In honor of Black History Month and in light of current events, it seems especially worthwhile to remember the pioneering career of Wesley A. Brown, who endured intense racial harassment to become the first black graduate of the United States Naval Academy in 1949.
Wesley Brown entered the Naval Academy in 1945 as the sixth black man admitted in the 100-year history of the Annapolis military college. He was the first to successfully withstand the intense racism that had forced the others to leave within a year, according to Navy historians.
The New York Times recounted that white midshipmen refused to sit next to Mr. Brown, racial epithets were whispered behind his back, and fellow plebes barred him from joining the choir — all of it mixed with and hidden behind a torrent of regular hazing that underclassmen were expected to bear. He told interviewers that not a day passed when he did not consider quitting.
But unlike his predecessors, he said, Mr. Brown had the support of a handful of fellow midshipmen, who were friendly to him despite receiving threats from hostile classmates, and from the academy commandant, who intervened to protect him from excessive harassment.
One midshipman who visited his dorm room to talk and encouraged him to “hang in there,” Mr. Brown said, was the son of a peanut farmer from Plains, Georgia, who was then an upperclassman and fellow member of the academy’s cross-country team. The midshipman’s name was Jimmy Carter, the future president of the United States.
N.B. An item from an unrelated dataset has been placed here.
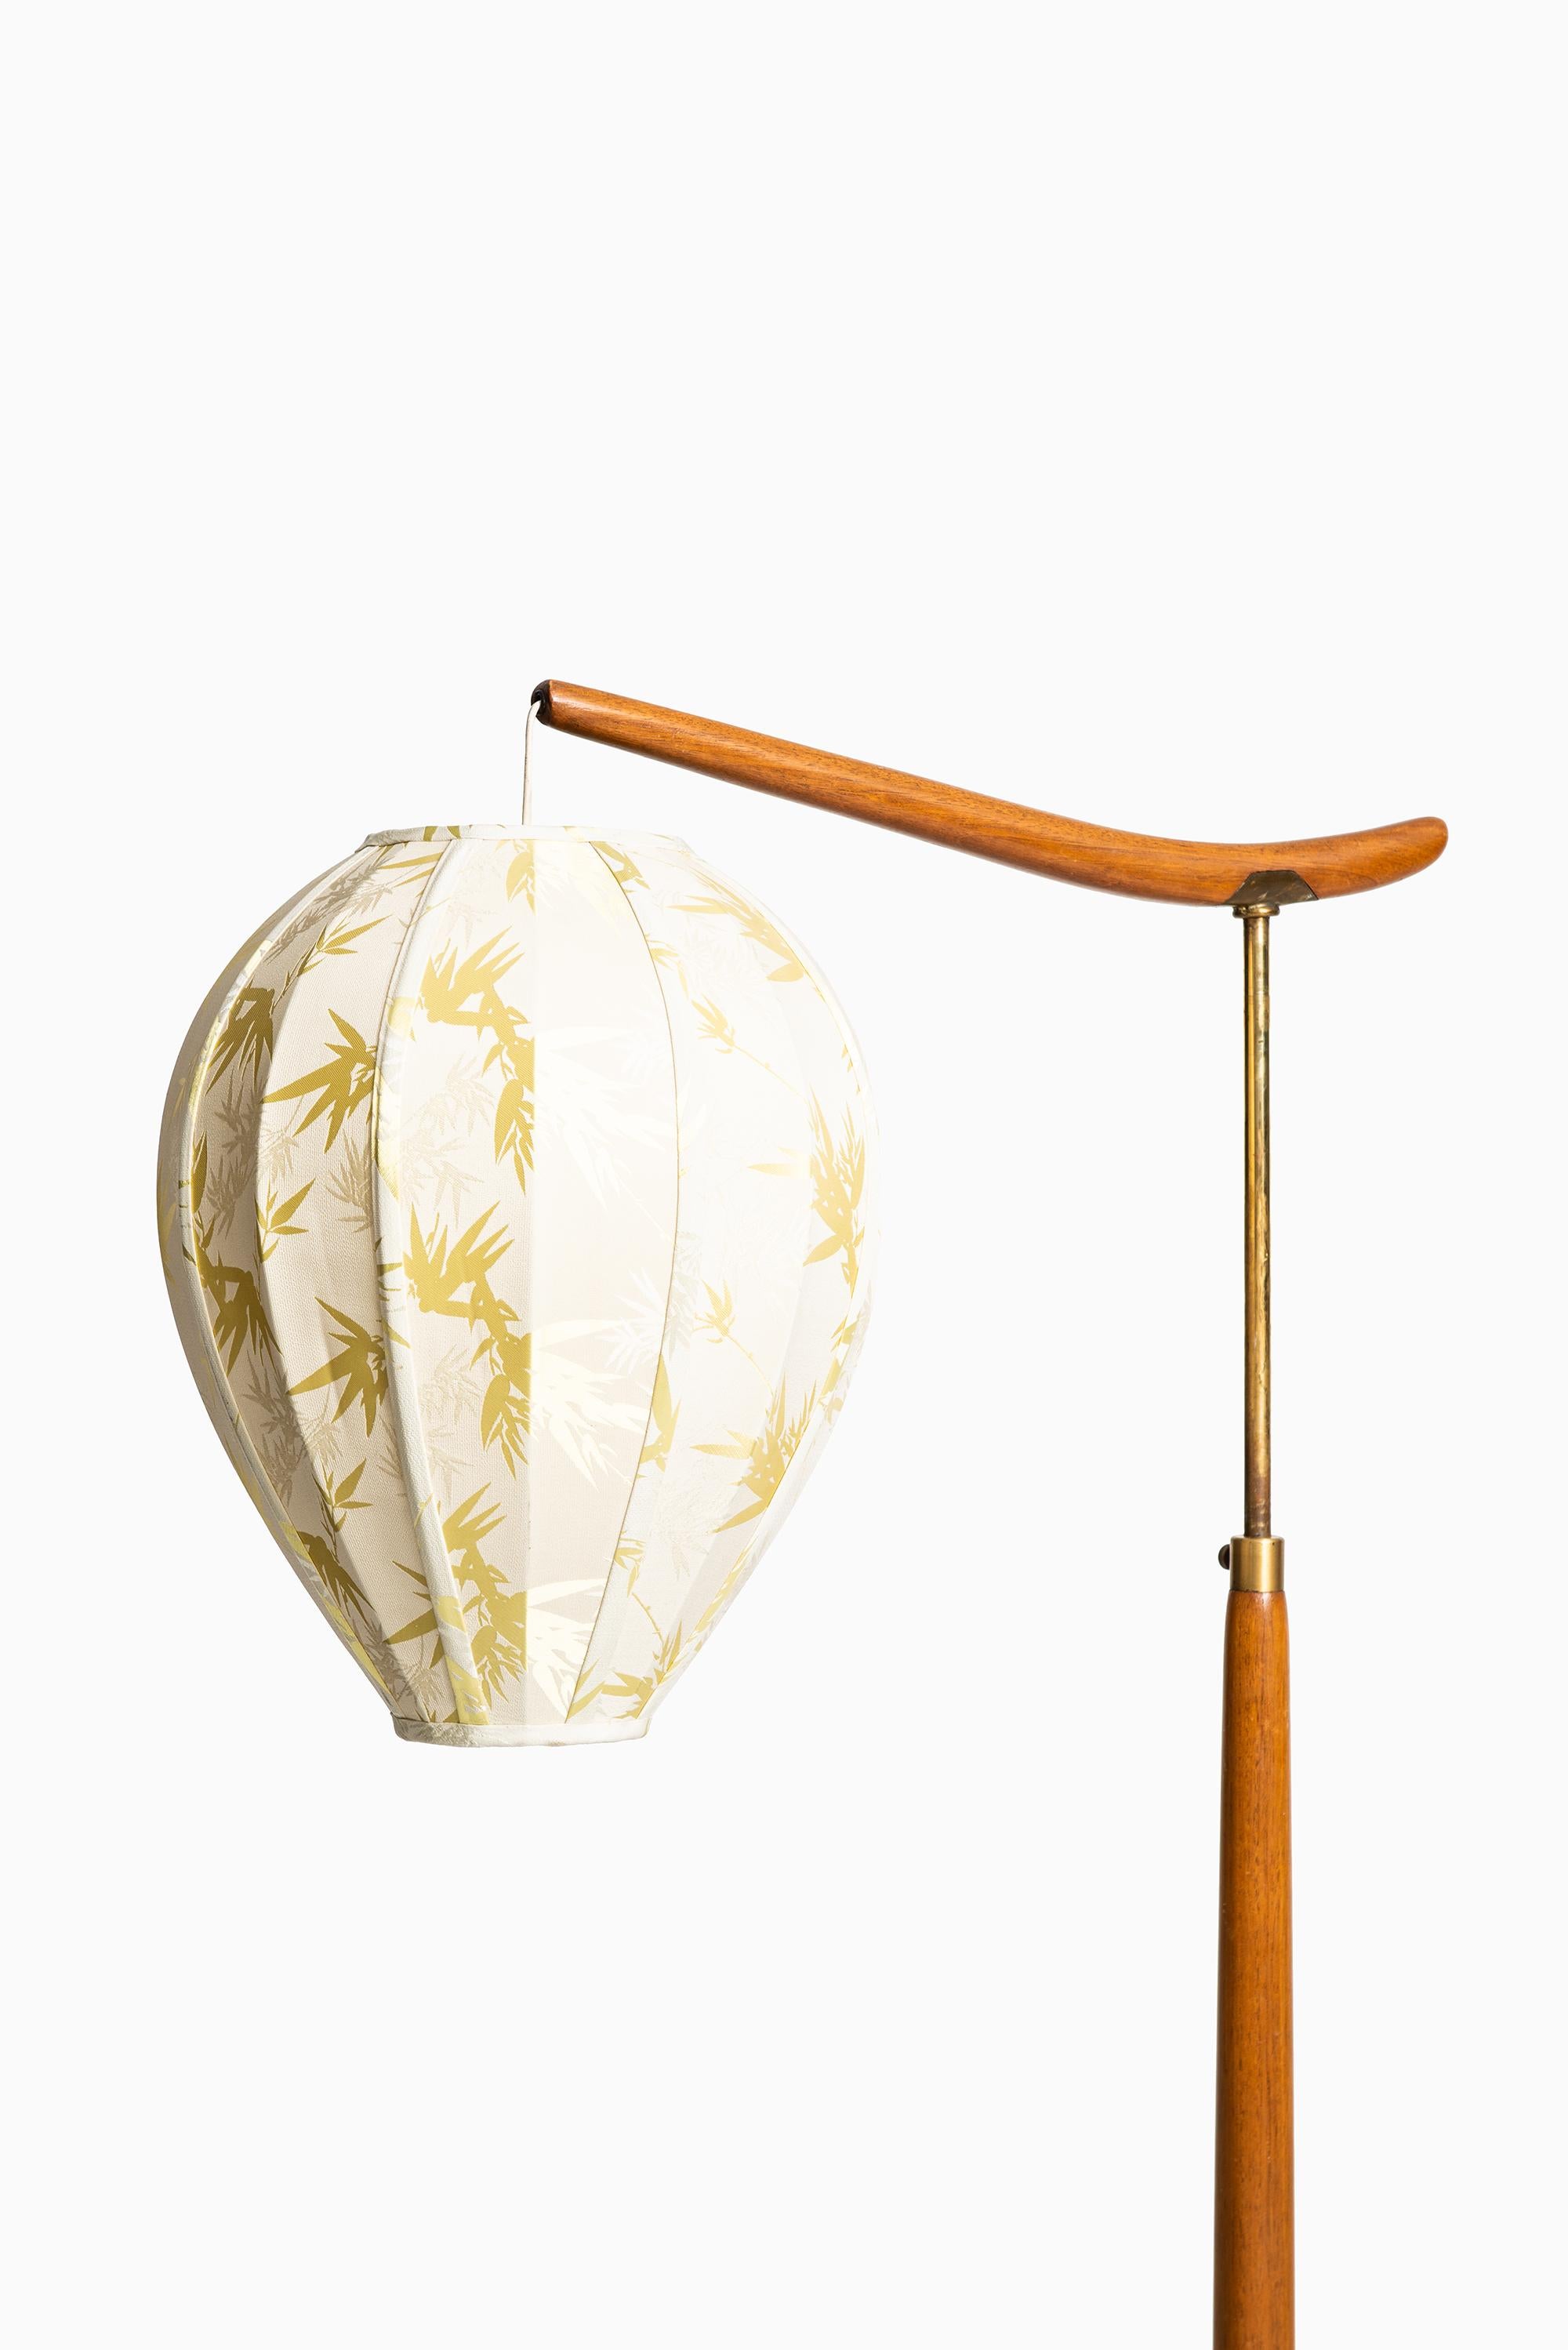 1940s Floor Lamp in Mahogany and Brass Produced in Sweden (Schwedisch)
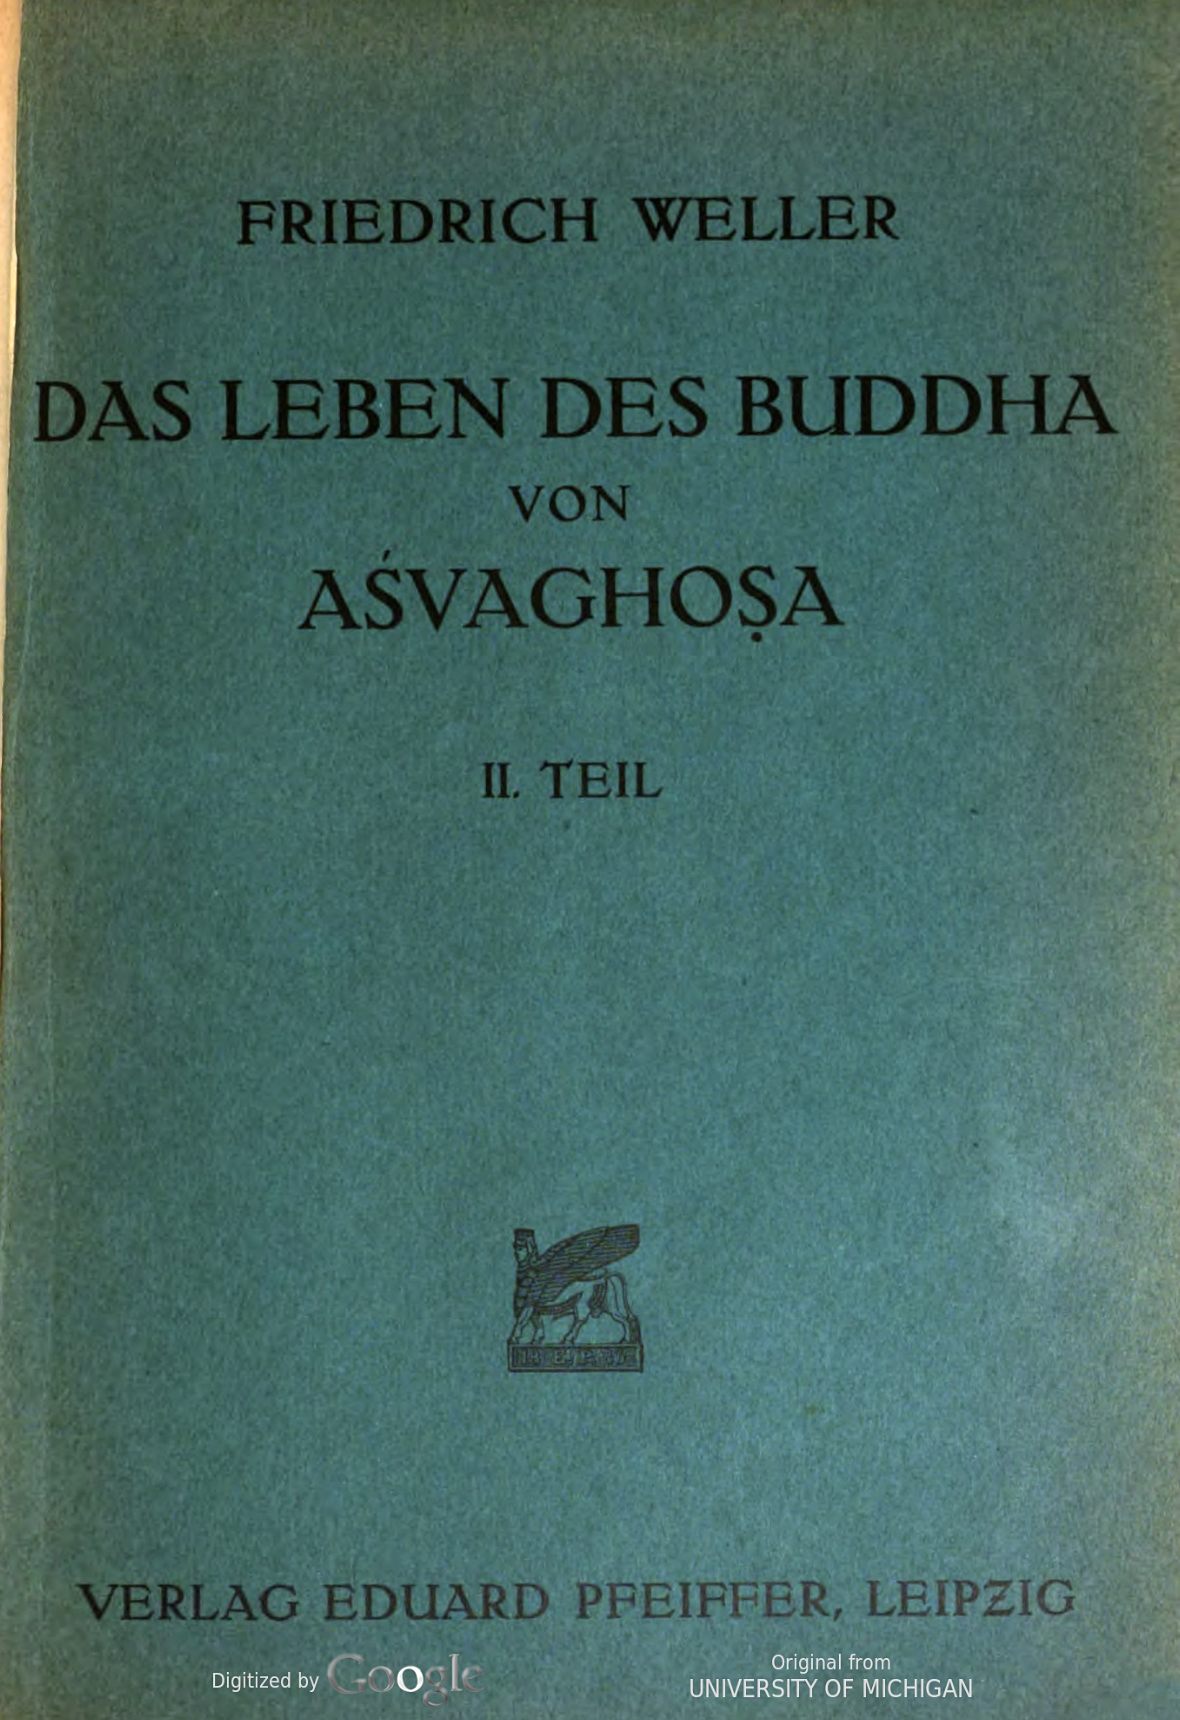 Das Leben des Buddha von Asvaghosa Tiel 2 1928-front.jpg

In a speech last year at a Naval Academy event, Mr. Carter recalled Midshipman Brown.
“My first personal experience with racial integration began when an African American student, Wesley Brown, entered the U.S. Naval Academy in 1945. We both ran cross-country during the year that we spent together in Annapolis. A few members of my senior class attempted to find ways to have him discharged, but Brown’s good performance prevailed and he became the Academy’s first black graduate…”
After graduating from the Naval Academy, Brown served in the Korean and Vietnam Wars. In the Navy’s Civil Engineering Corps he worked on Navy construction projects around the world. He built houses in Hawaii, roads in Liberia, wharves in the Philippines, a nuclear power plant in Antarctica, and a desalination plant in Cuba, before retiring as a lieutenant commander in 1969. He was a facilities manager and planner at Howard University in Washington until 1988.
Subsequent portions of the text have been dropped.